January, 2023

Allergens in plant-based foods?

The free-from-allergen trend in plant-based innovations

Growing awareness around food allergies, well-being, and the impact that food has on the health of our bodies are just some of the factors driving the growth of different markets: from health, plant-based, and vegan to free-from and allergen-free. Let’s find out how the trend related to the development of allergen-free products is gradually affecting the plant-based segment as well.

Let’s take a step back: allergen-free market size and figures

Food allergies have been rapidly increasing in recent years: according to the BBC article, the rate of food allergies worldwide grew up from about 3% of the world’s population in 1960 to about 7% in 2018. Although this is still a minority of consumers – by comparison, vegan consumers make up 6% of the population – many companies are moving toward the development of allergen-free foods as an opportunity to expand their client-base. This is because the use of ingredients appropriate for people with food allergies does not only appeal to allergic consumers, but also to their families and the institutions/organizations that provide services such as canteens or catering.

To define food ingestion-related disorders, the , l’American Academy of Allergy Asthma and Immunology has proposed a widely accepted classification using the generic term “adverse reaction to food,” then distinguishing between allergies and intolerances: allergies are mediated by immunological mechanisms. In intolerances, on the other hand, the reaction is not triggered by the immune system.

Demand for allergen-free foods is expected to increase as a result of the COVID-19 outbreak, as consumers’ attention to health and immune-strengthening issues increases. According to the article published by Bloomerg, the size of the global allergen-free food market is expected to reach $75.67 billion by the end of 2030, and the market is set to experience a strong positive growth trajectory with a CAGR of 9.0% between 2020 and 2030.

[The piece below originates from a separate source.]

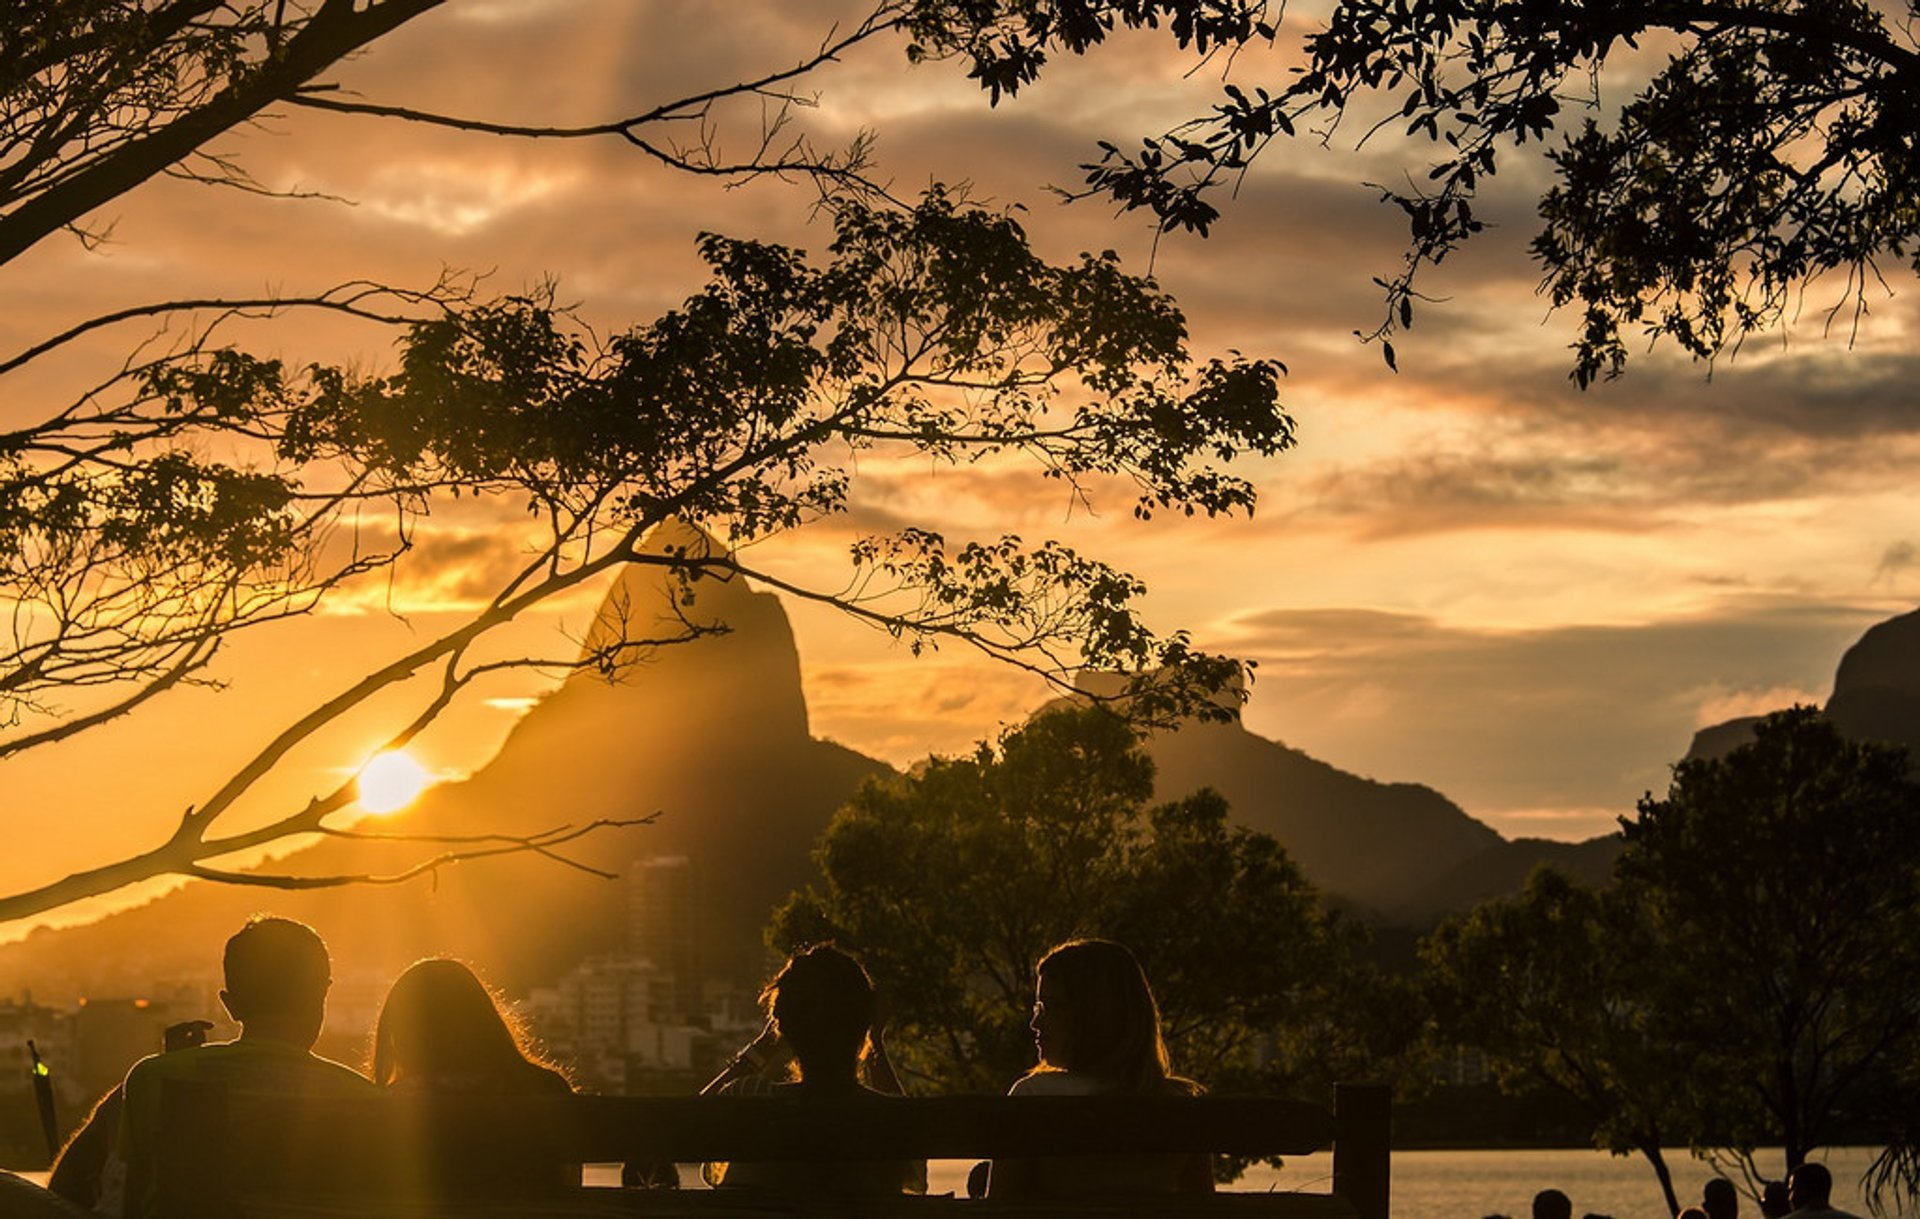 Watching the Sunset in Rio de Janeiro - Best Season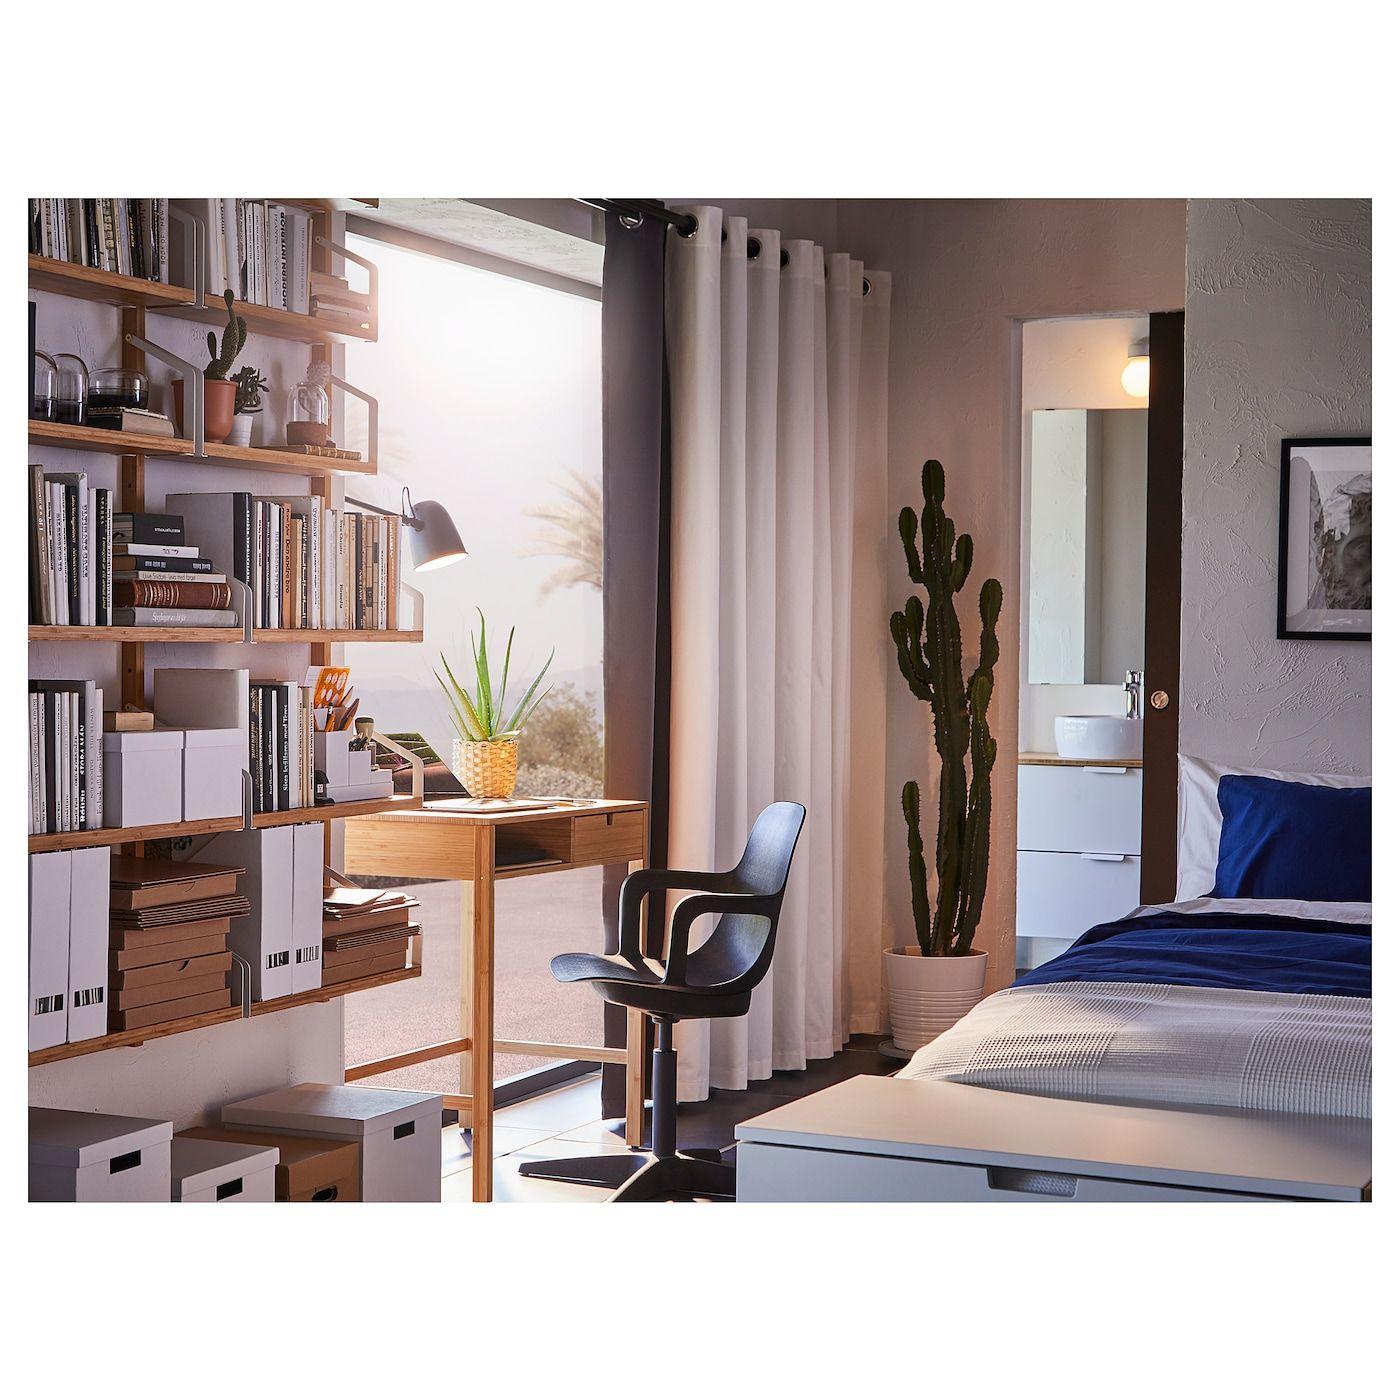 IKEA NORDKISA Bamboo Dressing table Ikea bedroom

The allergen-free trend in plant-based foods

The growing demand for clean-label food products, for alternatives to meat and dairy food, is expected to be a key factor in the development of the allergen-free market. At the same time, however, the plant-based segment will also be able to seize the opportunity provided by the growth of this market to make products that are more inclusive to all types of consumers.

The problem of allergens is highly present in plant-based products: the most commonly used ingredients include soy and wheat derivatives, as well as nuts and peanuts. However, there has already been a “protein shift” for several years from the use of first-generation plant-based proteins (soy, wheat, rice, whey protein…) to new plant-based proteins. A classic case is the transition-particularly in the area of meat alternatives-from the predominant use of soy or wheat protein to pea protein. The last one, in fact, has basically wiped out part of the market occupied by the other proteins, since it is an ingredient with the same functionality, but a much lower level of allergenicity. According to Mintel GNPD, the use of pea protein over the past decade has steadily increased: from 2015, when it covered 10% of vegetable-based meat alternative product launches, to 2021, where it covered 28% of product launches, a figure equal to ingredients such as soy and wheat, which have since lost ground. In addition to pea, more and more start-ups are experimenting with developing alternatives to meat from non-allergen sources, such as legume blends, mung bean, jackfruit, mushrooms, and, although still in the early stages, algae.

Similarly, in the plant-based beverage segment, we can also spot new launches of allergen-free products, made from pea, oats, and coconut, which is still a major consumer favorite. In plant-based dairy products, we are also seeing a shift to allergen-free products, as products currently on the market are predominantly based on flavored fruits, such as cashews and almonds. Several start-ups are looking at new alternatives, using ingredients such as sunflower seeds, fava beans, or even cauliflower to develop a new type of plant-based cheese.